Harcèlement, menaces voire violences: les méthodes des collecteurs de crédits mandatés par les banques pour recouvrer les dettes sont tristement célèbres en Russie, le plus souvent en toute impunité.
Alors que le surendettement prend des proportions dramatiques avec la crise économique, les autorités veulent désormais légiférer pour mettre de l'ordre.
Pour Natalia, 69 ans, les problèmes ont commencé l'été dernier. Hospitalisée, elle doit cesser son petit boulot de gardiennage qui lui permettait de compléter sa retraite (environ 150 euros par mois) et la pension d'invalidité de son fils qui vit avec elle (70 euros).
Dans ces conditions, impossible pour cette habitante de la région de Moscou de rembourser les traites liées à sa carte de crédit à la consommation, aux remboursements exorbitants bien qu'elle ne s'en serve plus depuis trois ans.
Les coups de fil se multiplient "jour et nuit", raconte Natalia, qui tait son nom de famille par crainte des représailles.

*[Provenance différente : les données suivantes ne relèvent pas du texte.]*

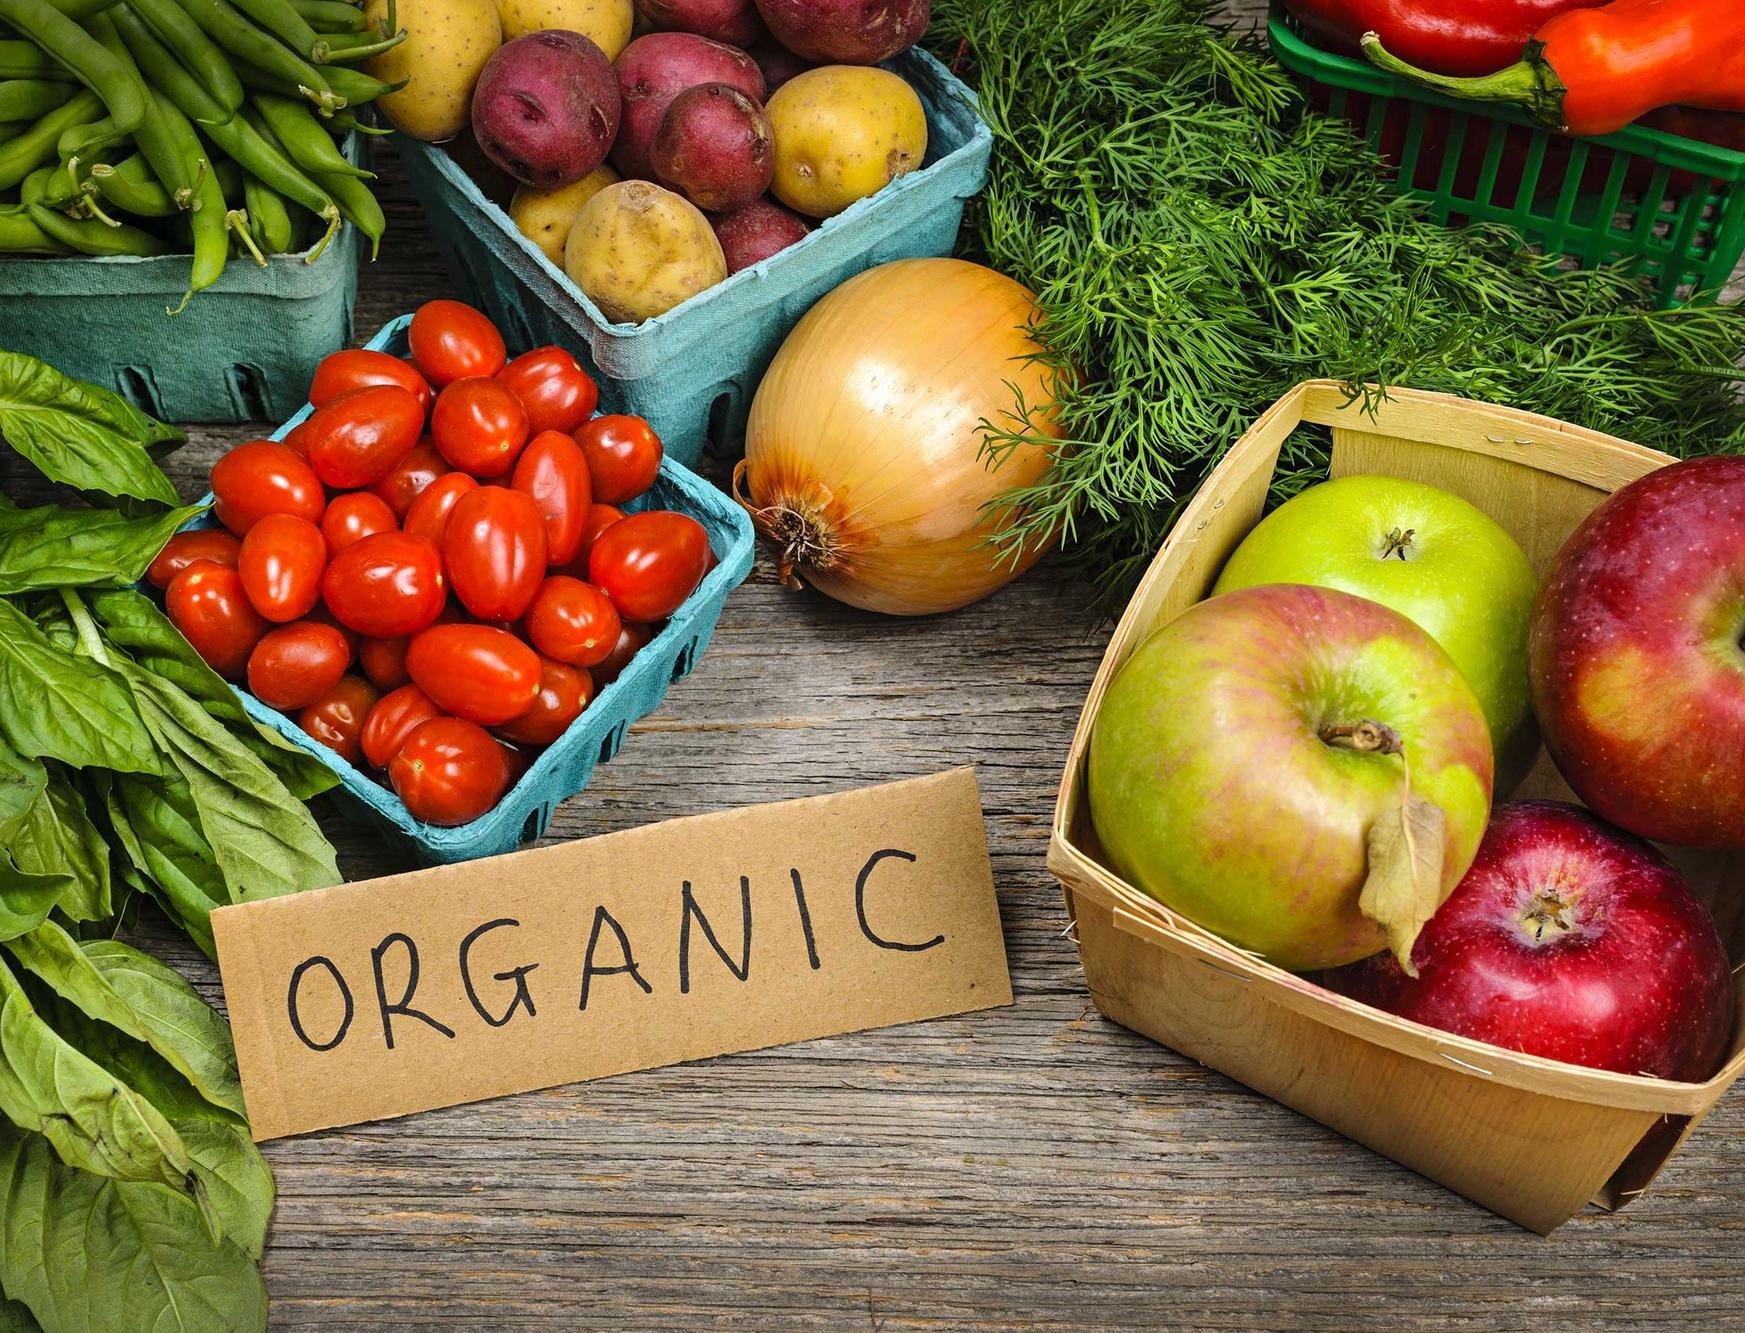 45% жителей России не будут переплачивать за органические продукты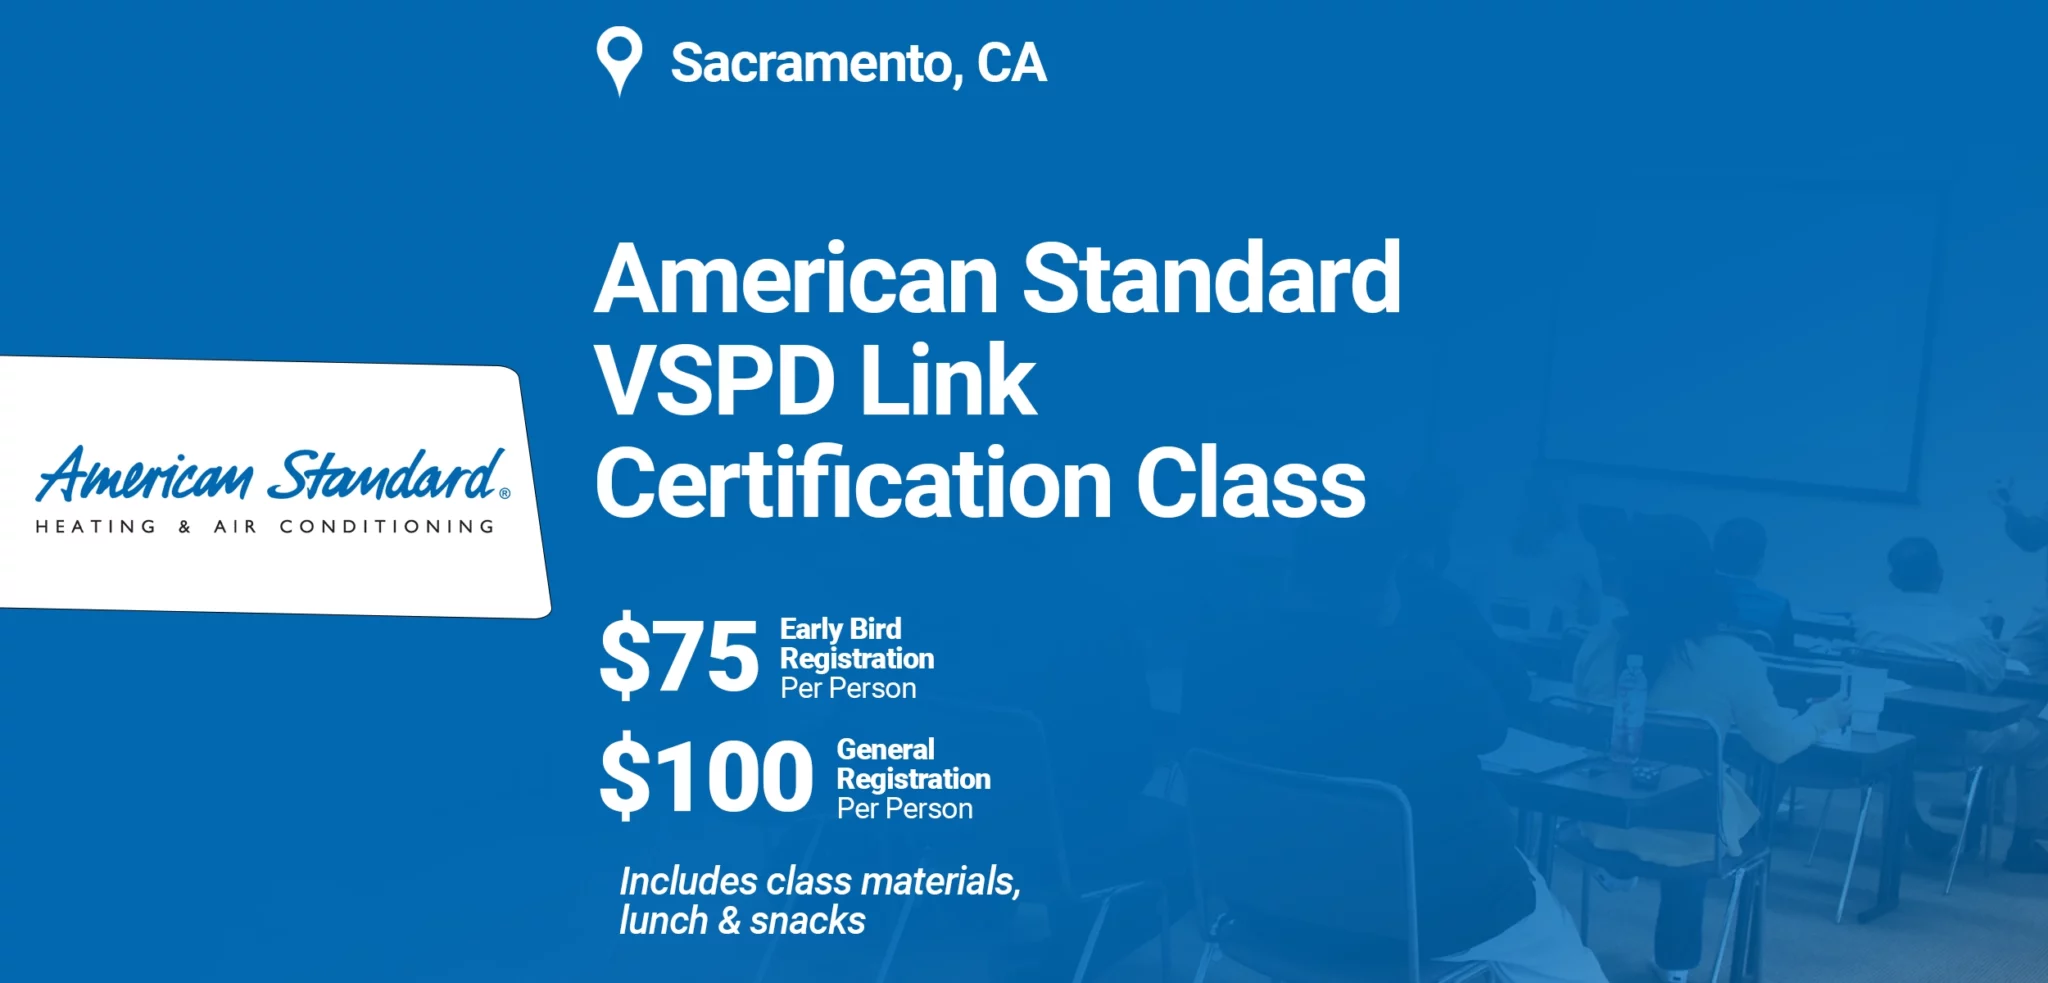 American Standard VSPD Link Certification Class

Dans son carnet où elle consigne les numéros utilisés par les collecteurs, elle a noté jusqu'à 18 appels par jour.
Le ton se fait de plus en plus menaçant: "On va venir chez vous voir si vous avez des dents en or", "on va confisquer vos biens", "On va vous faire courir au cimetière"...
"Ils m'ont mis dans un tel état que je n'avais plus la force de sortir de chez moi. Je les ai suppliés mais rien à faire, ils ne font que crier et m'insulter", rapporte la retraitée, au bord des larmes, qui a fait appel à une association de juristes pour tenter d'obtenir une réduction des traites à un niveau acceptable.
- Les impayés enflent -
Le cas de Natalia est loin d'être isolé, ni d'être le plus dramatique de ceux rapportés par la presse: passages à tabac, insultes affichées sur le palier, menaces de s'en prendre aux enfants...
"Depuis un an, on constate une vague de plaintes", constate Irina Malinina, juriste à la tête d'un mouvement qui vient en aide aux emprunteurs "Les impayés et les retards de paiement ont augmenté et donc les visites et coups de téléphone des collecteurs se sont intensifiés", résume-t-elle pour l'AFP.
La récession en Russie, causée par l'effondrement des cours du pétrole et les sanctions occidentales décrétées sur fond de crise ukrainienne, a provoqué une chute du pouvoir d'achat qui a pris de court de nombreux Russes qui avaient accumulé des crédits, disponibles quasi sans contrôles pendant les années de prospérité.
Selon une étude du Bureau national des antécédents de crédit, la part des crédits à la consommation en situation de retard de paiement atteignait 17,8% au premier janvier contre 10,3% un an plus tôt.
Aggravant la situation, les banques ont cherché à se débarrasser des crédits de mauvaise qualité en les revendant à ces agences de recouvrement des créances. Elles ont aussi durci les conditions d'octroi des prêts, poussant les Russes à s'adresser à des petits organismes de micro-crédit prêts à tout pour retrouver les fonds.
La situation est particulièrement difficile en province, où le niveau de vie est très faible et la population peu informée de ses droits.
- Une app anticollecteurs -
Un trentenaire sibérien a créé une application pour smartphone qui permet aux utilisateurs d'alimenter une base de données de numéros des collecteurs pour bloquer leurs appels. Antikollektor, destiné d'abord à sa famille, compte désormais 300.000 utilisateurs, explique Evguéni Piatkovski à l'AFP.
L'objectif est double, selon lui: protéger les proches d'emprunteurs, parfois persécutés alors que non concernés directement, et les détenteurs de crédits eux-même du "stress énorme" que constitue le harcèlement des collecteurs.
Soupçonnées d'indifférence, les autorités se sont saisies du problème face à la multiplication des cas médiatisés. Du côté judiciaire, le Comité d'enquête et le parquet ont promis la fermeté contre un collecteur d'Oulianovsk, sur la Volga, qui a mis le feu fin janvier à l'immeuble d'un emprunteur, provoquant l'hospitalisation d'un enfant de deux ans.
Mi-février, les présidents des deux chambres du Parlement, Sergueï Narychkine et Valentina Matvienko, ont déposé personnellement un projet de loi régulant l'activité des collecteurs, limitant le nombre d'appels possibles, les interdisant la nuit, et pénalisant les formes de harcèlement.
Pour Irina Malinina, il faudrait purement et simplement les interdire. "La Constitution interdit déjà de rentrer dans les logements, de menacer et d'avoir recours à la violence physique", relève-t-elle.